I record my lectures (when possible) for the following reasons:
Easier access for students who can't attend class. While I generally want students to come to class, there are valid reasons for being absent (e.g., I'm currently teaching classes to military members who often have duty that preempts class attendance). I can also point students to a video to review if they ask me questions explicitly covered in class (and also for general review).
Open access. I think it's pretty cool to live in a world where it is possible to get free access to videos that enhance knowledge. I feel like I'm playing my little part by putting my lectures online.
Introspective review. It can be extremely beneficial to review your own teaching methods, although I don't have time to do this for all of my classes. I have gone back to particular sections to review, and I almost always find something I could improve upon.
(minor) The America's Funniest Videos factor. I've had clips that have been unintentionally hilarious, either because of something I've said, or because of something students have said. :)
Universities have their own reasons for putting classes online, and you've already listed a number of them. I'd like to believe that most of the reasons are altruistic, with sites such as MIT's OpenCourseWare and Stanford's Online Courses providing no-strings-attached courses for free.

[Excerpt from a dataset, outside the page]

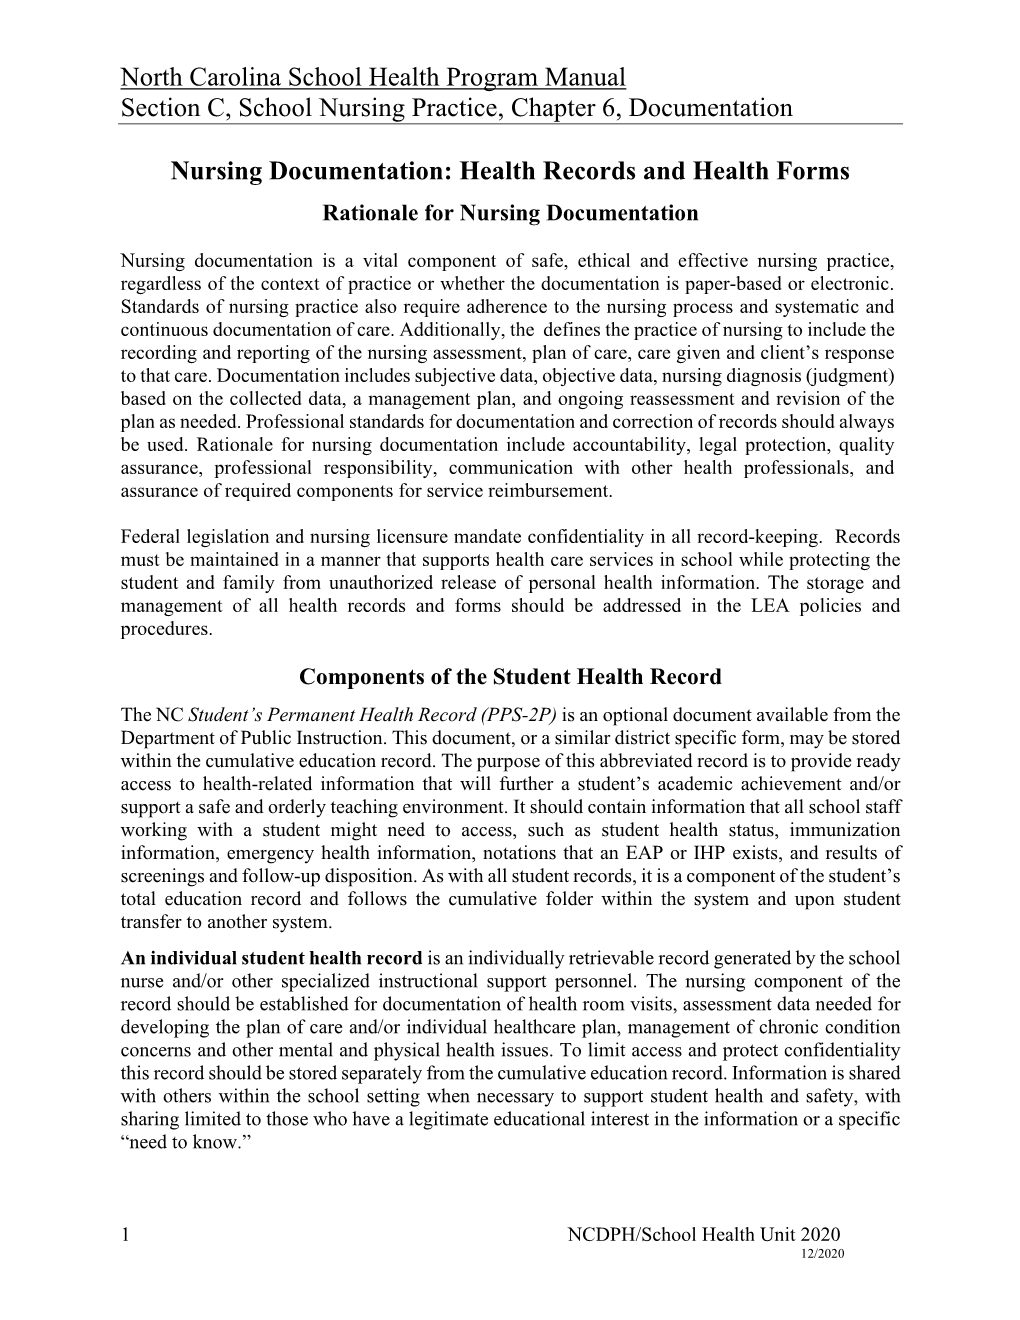 North Carolina School Health Program Manual Section C, School Nursing Practice, Chapter 6, Documentation

I would also hope that someone is doing research on these types of course offerings, to see if they are really having benefits to the people that watch them. I don't believe the bottom line at extremely selective schools will ever be hurt by offering free course material, but if they do start feeling the pinch I imagine they will change their models.
Sites like Courseara are for profit and starting to make money by offering to verify certificates of completion for a cost.
Why, then, some [Universities] charge enormous fees for attending courses?
The question of college expense is a can of worms that has as many differing answers as there are people asking about it. Selective colleges charge what they do because (1) it is expensive to run a brick-and-mortar college, and (2) the applications keep rising and kids can still get loans, grants, and other aid. Obviously it is much more subtle than that, and it would take more than a few free economics courses to get to the bottom of it.